Research and reports
Hospitality businesses using single-use plastic cutlery and plates will need to find alternatives when a new ban comes into force in England.
The government has confirmed that single-use plastic items, including polystyrene trays and cups, are to be banned in England in a move to reduce pollution.
The new legislation will apply to restaurants and takeaways, following a similar ban in Scotland and Wales.
From October 2023, the ban on some single-use plastics will come in for hospitality businesses, restaurants, cafés, and takeaways.
Results of a consultation were published by the Department for Environment, Food and Rural Affairs (DEFRA) on 14 January.
The news follows an initial consultation on the issue of single-use plastics, which ran from 20 November 2021 to 12 February 2022.

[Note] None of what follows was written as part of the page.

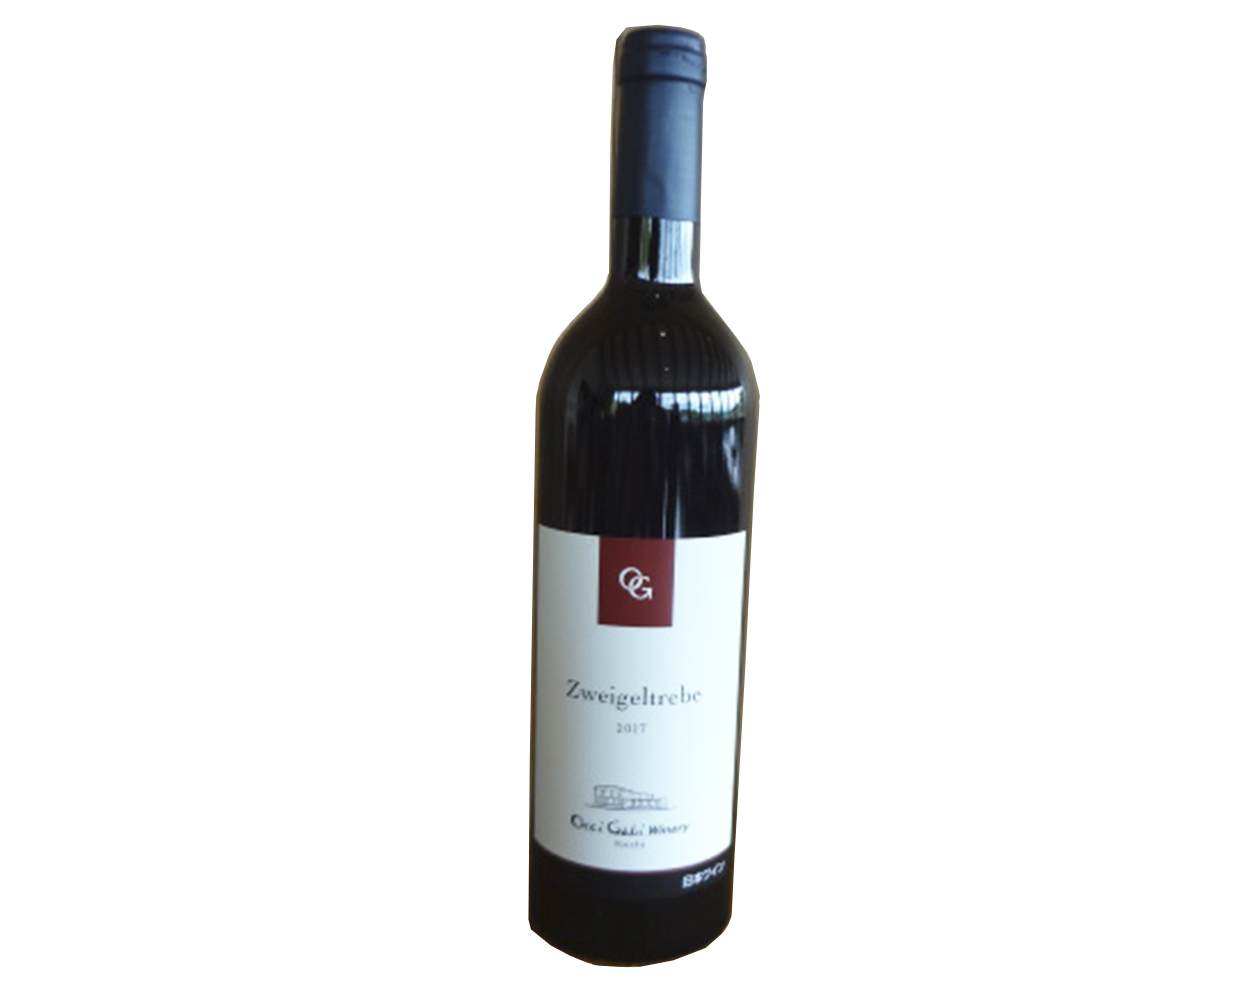 赤ワイン ツヴァイゲルトレーベ 2017 750ml

Be sure to do an inventory of the items you’ll need to change and cost up alternatives.
For example, you could:
Alternatives can be more expensive, so make sure you budget and plan for any changes to your supply costs.
If you need to increase your prices, read our guide for tips on how to tell your customers.
Refill – a campaign to reduce plastic waste – has more useful tips on alternatives to plastic for businesses.
When it comes in, the law will only apply to hospitality businesses (mainly affecting takeaways). It won’t cover shops, supermarkets, and the manufacturers of these types of plastic.
Estimates suggest that every year England uses 1.1 billion single-use plates and 4.25 billion items of single-use cutlery — most of which are plastic — but only 10 per cent are recycled after use.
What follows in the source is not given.